Neden ‘gitme’ demediğimi açıklayabilecek değilim aslında. Dönem şartları diyelim, yaşamın bilinmezliklerinden biri diyelim ya da ömrümüzün senaryo yazarının edebi cilveleri bile diyebiliriz istersen. Diyemedim işte. Ama asıl senaryo, sonrasında başladı benim için. Sen gittin, senin için film bitti aslında. Bense bambaşka bir yazgıya sürüklendim senden sonra.
Bir koşuşturma içine girdim hızla. İş, güç, bir hengâmedir gitti.

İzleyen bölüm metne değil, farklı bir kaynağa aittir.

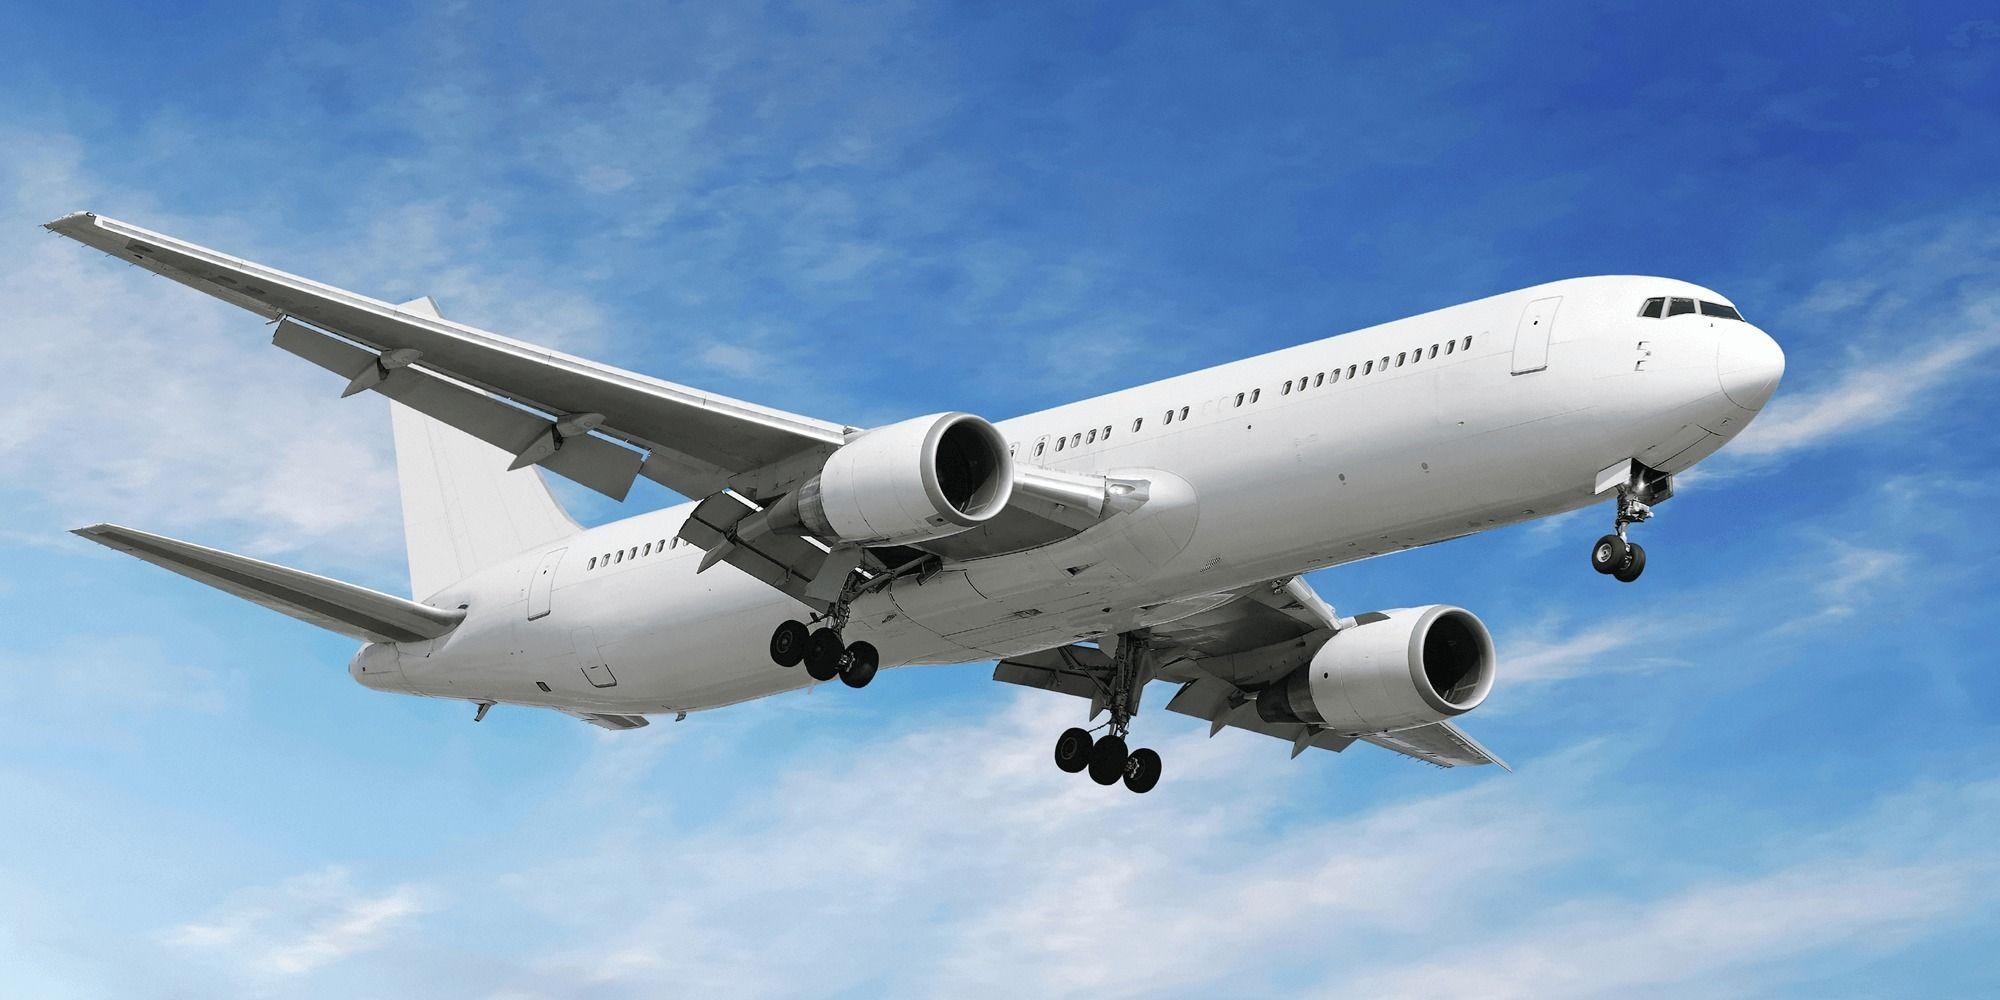 Boeing Business Jet Cancelled flight, Airline flights

Mevsimler başladı, mevsimler bitti. Sensiz yılları, sensiz yüzyıllara bağladı duvardaki takvimler. Ama akıp giderken hayat, bazı şeyleri de sürüklüyor geleceğe illâ ki. Unutmaya çalıştığım sevdan gibi.
Sen artık sadece düş buluşmalarında gülümsüyordun bana. Şimdi de güldün bak, aynı böyle. Komik mi sence? Bence değil. Hiç değildi hem de. Ne oluyordu biliyor musun? Karanlık oluyordu. Gece oluyordu. Şehir ıssızlığa soyunurken, ellerin tutunuyordu yüreğime. Gülümsüyordun. Ama ben ağlamaklı oluyordum. Çünkü artık yoktun, bir daha da olmayacaktın. Sonra sabah yaklaşıyor, sen gidiyordun kendi yaşamına. Kalkıyordum, sensizliğe giyiniyor ve başlıyordum yaşamaya. Yalanların, riyaların arasında, gerçek gerçek yaşıyordum.
Akıntıya kürek çekmiyordum anlayacağın. Sensiz bir nehirde, sensizlik denizine akıyordum. Sen yalnızca düş buluşmalarında gülümsüyordun bana. Kötü oluyordu ama. Ağlamaklı oluyordum.
Oysa sen gittin. Sadece gittin. Ben ‘gitme’ demediysem, sen de kalmayı seçmedin. Alıp yanına tüm yaşanmamışlıkları, öylece gittin rüzgârların estiği yöne. Hiç gitmeyecek gibiydin; hiç gelmemiş gibi gittin. Dilinde o yürekli aşk şarkıları, yüreğinde kim bilir hangi fırtınalarla, bir gülümseyiş atarak kadere, gittin dönülmeyecek yere. Gülmeden, ağlamadan, sevdayı adam gibi yaşamadan gittin. Hâsılı, başlamadan bittin. Alıp yanına tüm olmazlıkları, gittin rüzgârların estiği yöne. Tek söz kalmıştı artık diyebileceğim: ‘Güle güle’.”
Rüzgâr kuvvetlenmiş, sahildeki şemsiyeleri, havluları savurmaya başlamıştı. İstemsizce çevirdi başını uçuşan nesnelere doğru bir an için. Geri döndüğünde o yoktu. Arkasına, sağa sola bakındı; gitmişti. Gülümsedi kendi kendine. Hiç gelmemişti ki zaten! Bir avuç kum aldı yerden yine. Bu sefer denize doğru savurdu. Tanelerin pırıltısı, dalgaların sesine karıştı. Hayâl gerçek, gerçek de hayâl olmuştu o gün. Zamanın dışında, masal gibi bir gün.
“İşte” dedi, “Bir varsın, bir yoksun. Bir görünür, bir kaybolursun. Ömrümün her paragraf başında bir cümle içindesin. Bir unuttursun kendini izi tozu bulunmaz şekilde, bir hatırlatırsın beklenmedik bir biçimde. İşte yine vardın, yine yoksun. Ömrümün masalısın. Sonu bilinmeyensin. Bir varsın, bir yoksun.”